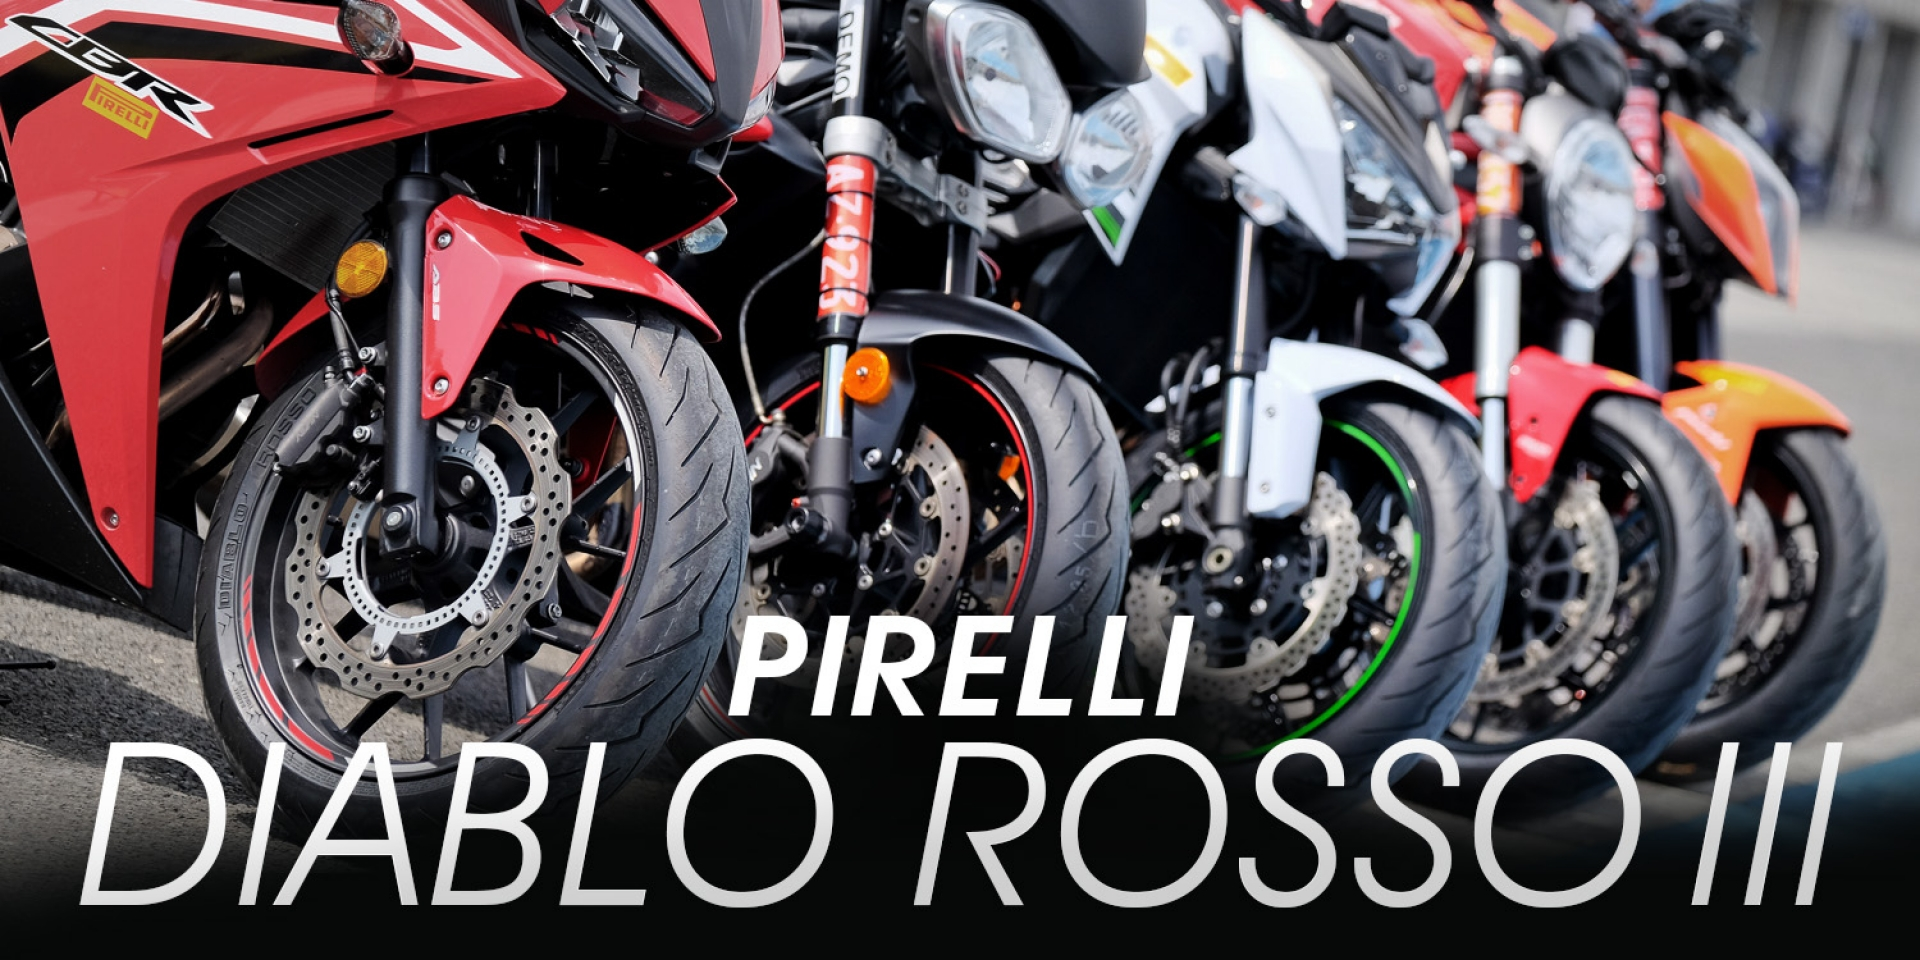 PIRELLI年度賽道盛會。最強街跑胎DIABLO ROSSO III紅閃電,全面剖析
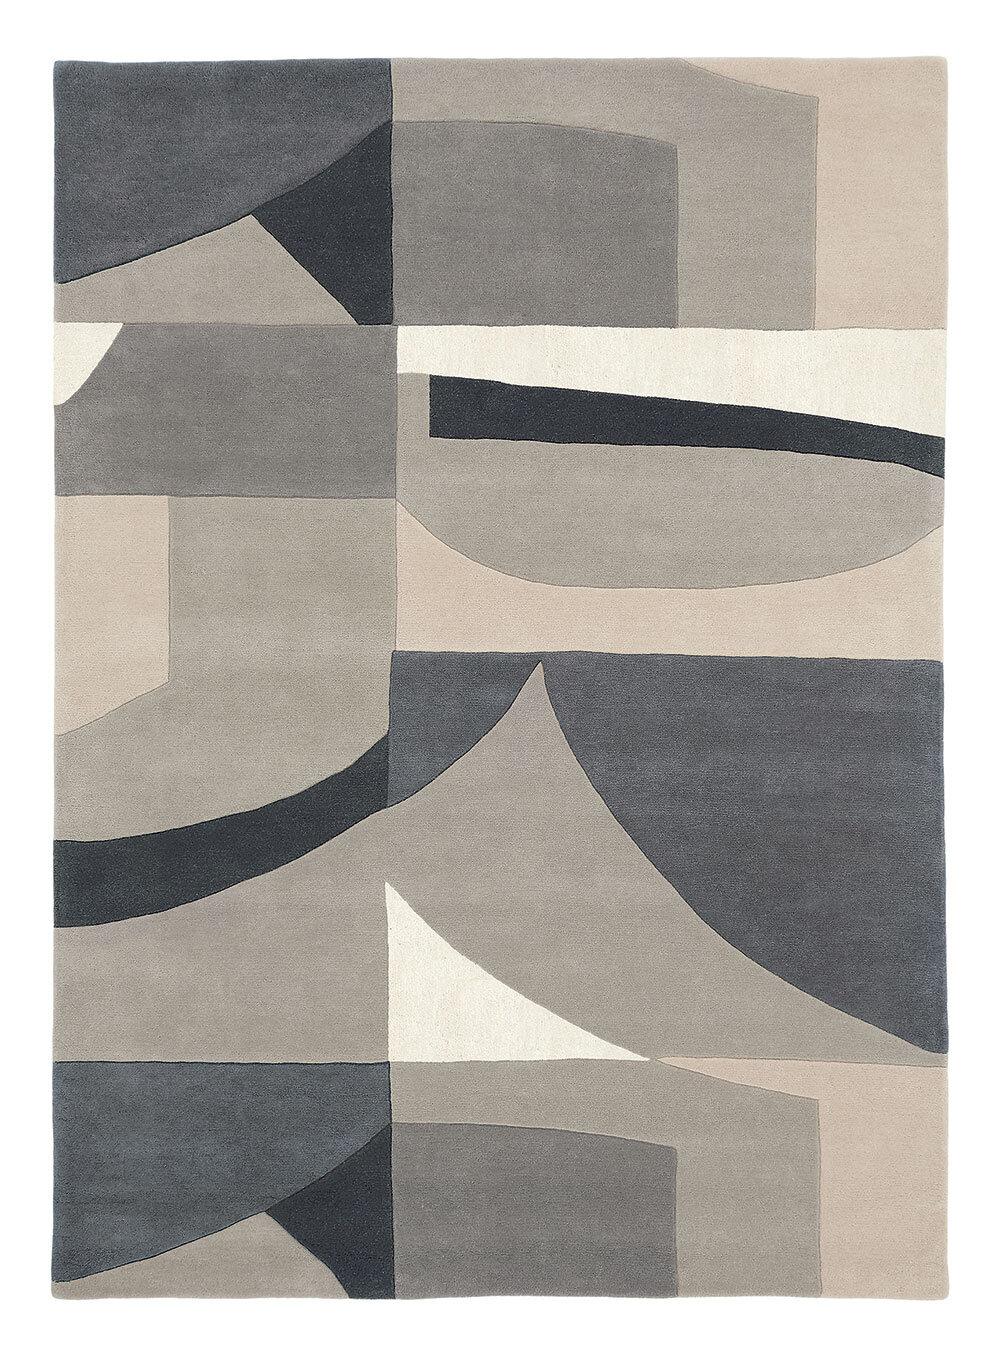 Bodega Rug - Stone - by Harlequin
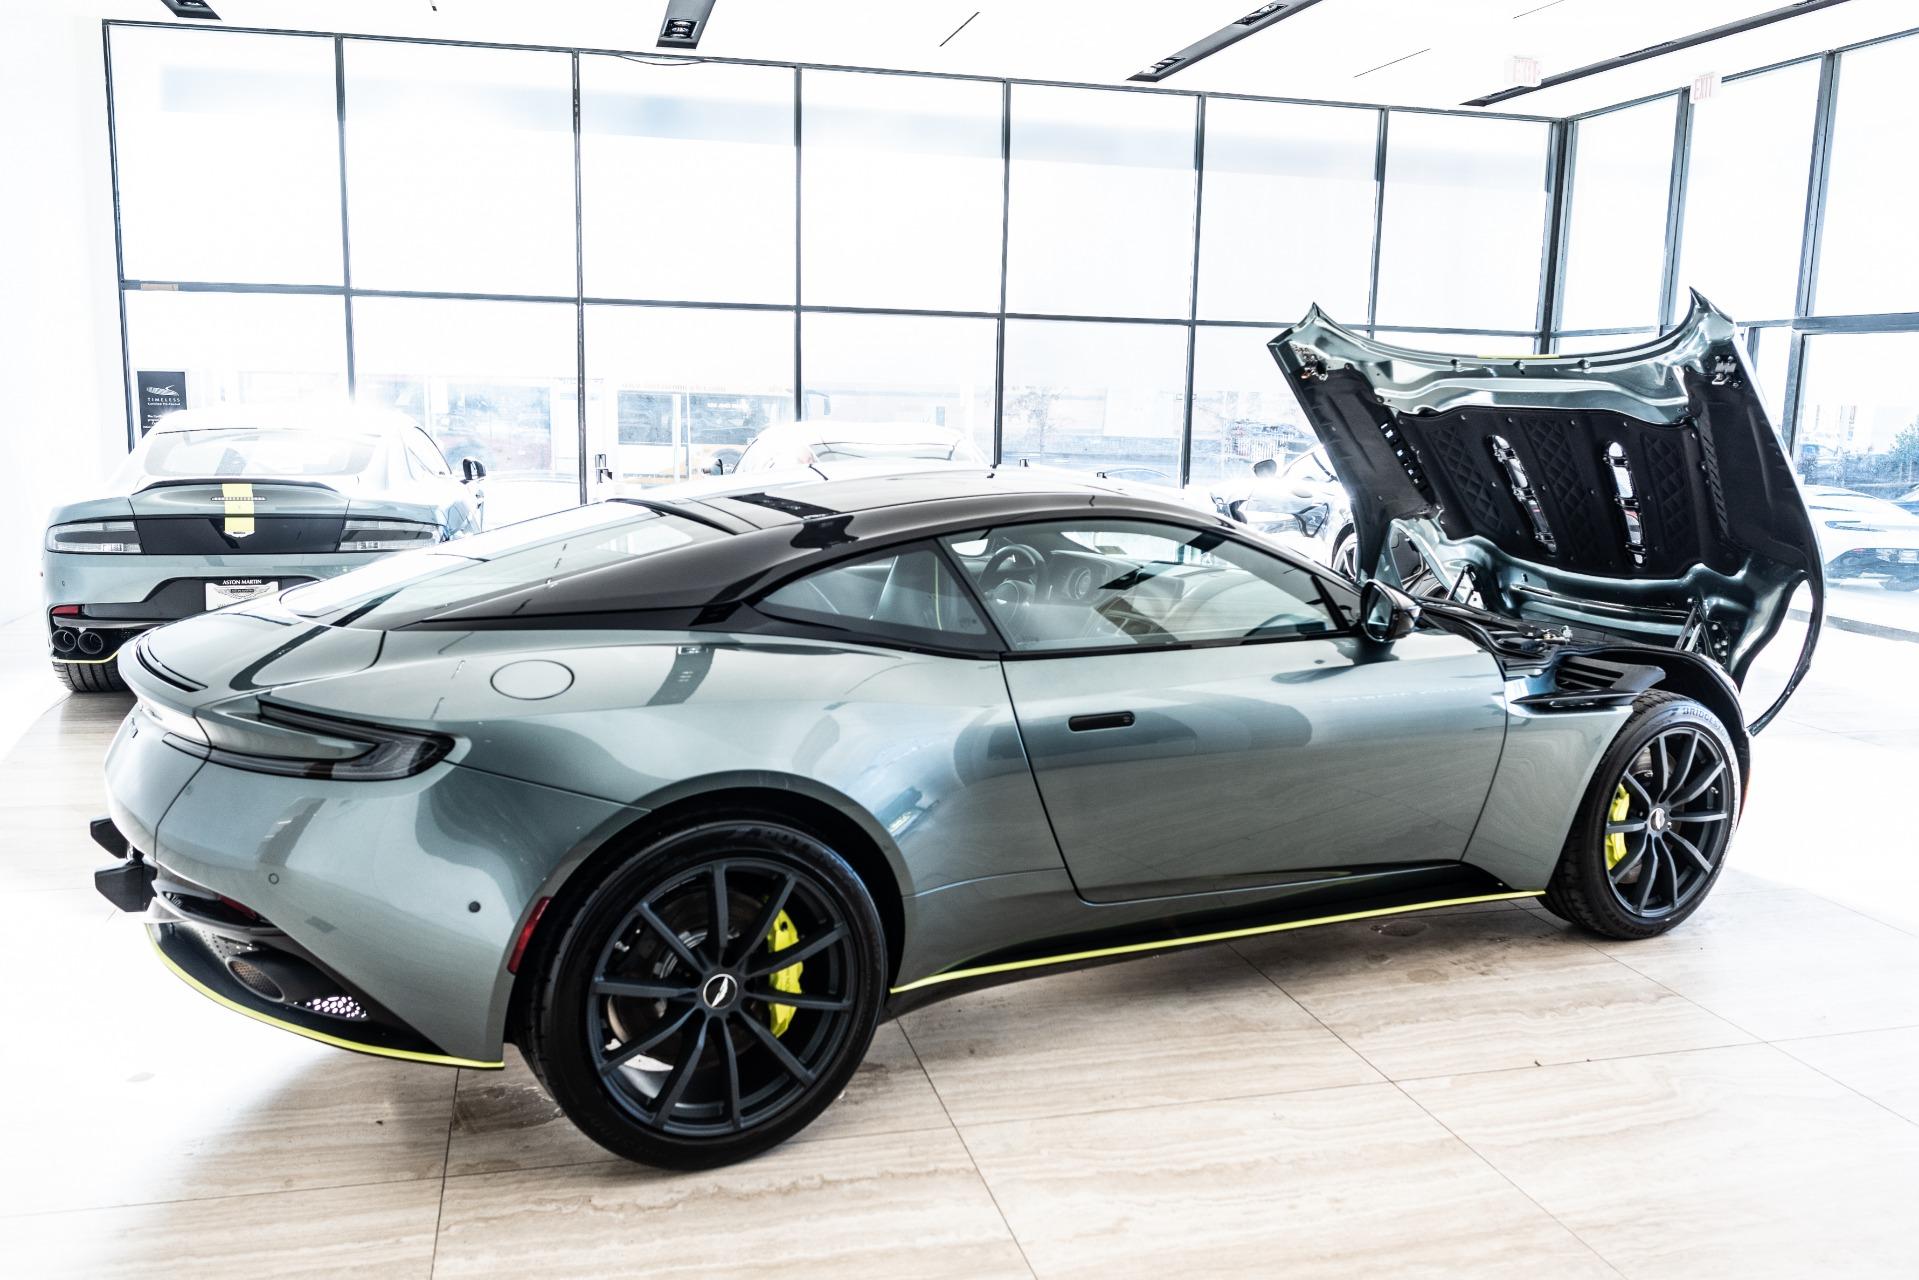 2019 Aston Martin Db11 Amr Stock 9nl06355 For Sale Near Vienna Va

◆ **REQUIREMENT**
Give the listing again word for word. Skip every image.

◆ **EXERCISE RESULT**
 PIRELLI年度賽道盛會。最強街跑胎DIABLO ROSSO III紅閃電,全面剖析
 Bodega Rug - Stone - by Harlequin
 2019 Aston Martin Db11 Amr Stock 9nl06355 For Sale Near Vienna Va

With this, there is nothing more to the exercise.